That’s the number that stood out to me in George Will’s Sunday column, “Anti-​Asian racism disguises itself as ‘diversity.’”

Seventy-​three percent of the smart students at Thomas Jefferson High School happen to be Asian. TJHS is a highly-​rated STEM magnet school in Virginia’s Washington, D.C. suburbs, where entry had, until recently, been based on an admissions exam. 

That’s more than three times the percentage of Asian Americans among Fairfax County, Virginia, public school students

European-​American students make up the largest racial block at 38 percent, but account for only 18 percent of attendees at this elite high school. Hispanics represent 27 percent of all students and African Americans 10 percent, but garnered, respectively, 3 and 1 percent of the coveted slots.

Are educators specifically advantaging Asian kids? 

Well, more than 80 percent of Fairfax County teachers are white, 7 percent black and only 5 percent Asian, says a separate Post report. Asian privilege seems unlikely.

So … what are Asian American students doing differently?

Studying? 

Will recounts complaints by the county superintendent about Asian American parents spending too much on test preparation and the Virginia Secretary of Education compared such studying to using “performance enhancing drugs” in sports.

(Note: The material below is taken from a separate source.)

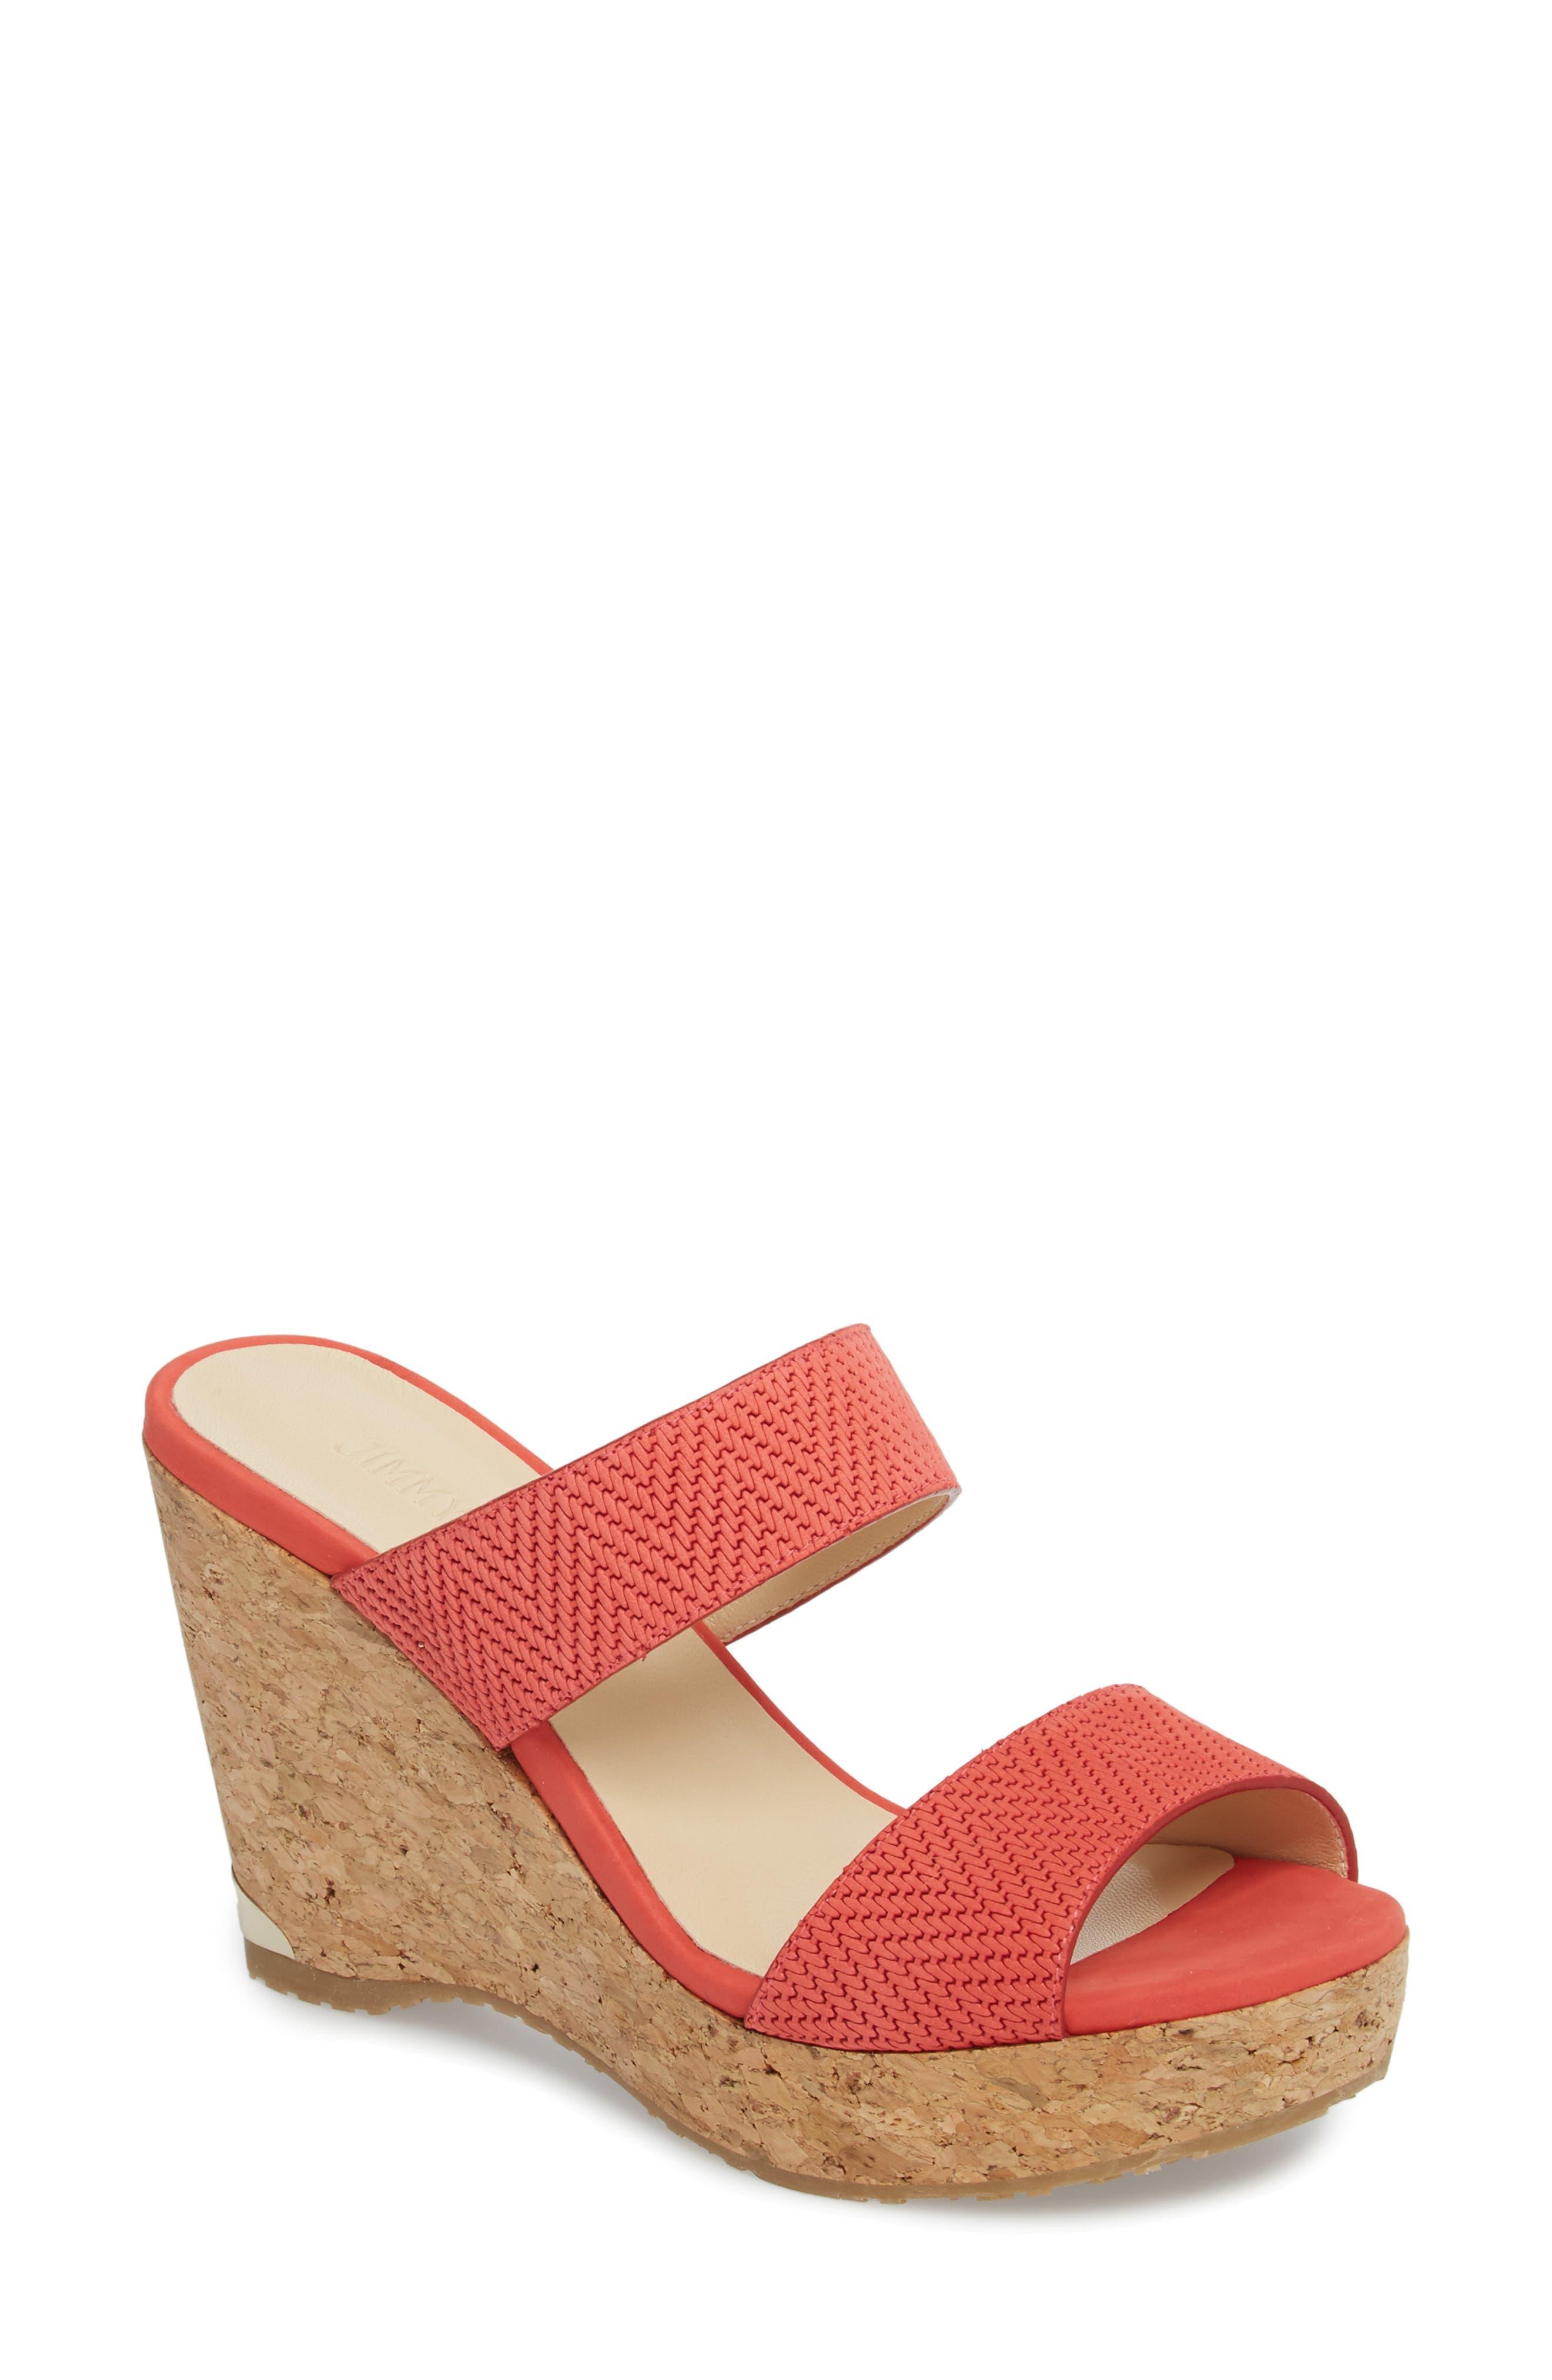 Parker Wedge Slide Sandal,                         Main,                         color, Flamingo Red

Another factor in having “crazy” parents who obsess about their children doing well in school could be doubling the odds by having not one, but two parents — not to mention an extended family structure. Among blacks, Hispanics and whites, out-​of-​wedlock births account for 69, 52 and 28 percent of all births, respectively. But for Asian Americans, out-​of-​wedlock births are under 12 percent.

One can jigger the rules for getting into TJ High. Sure. 

Jiggering the rules for getting ahead in life? Much harder.

This is Common Sense. I’m Paul Jacob.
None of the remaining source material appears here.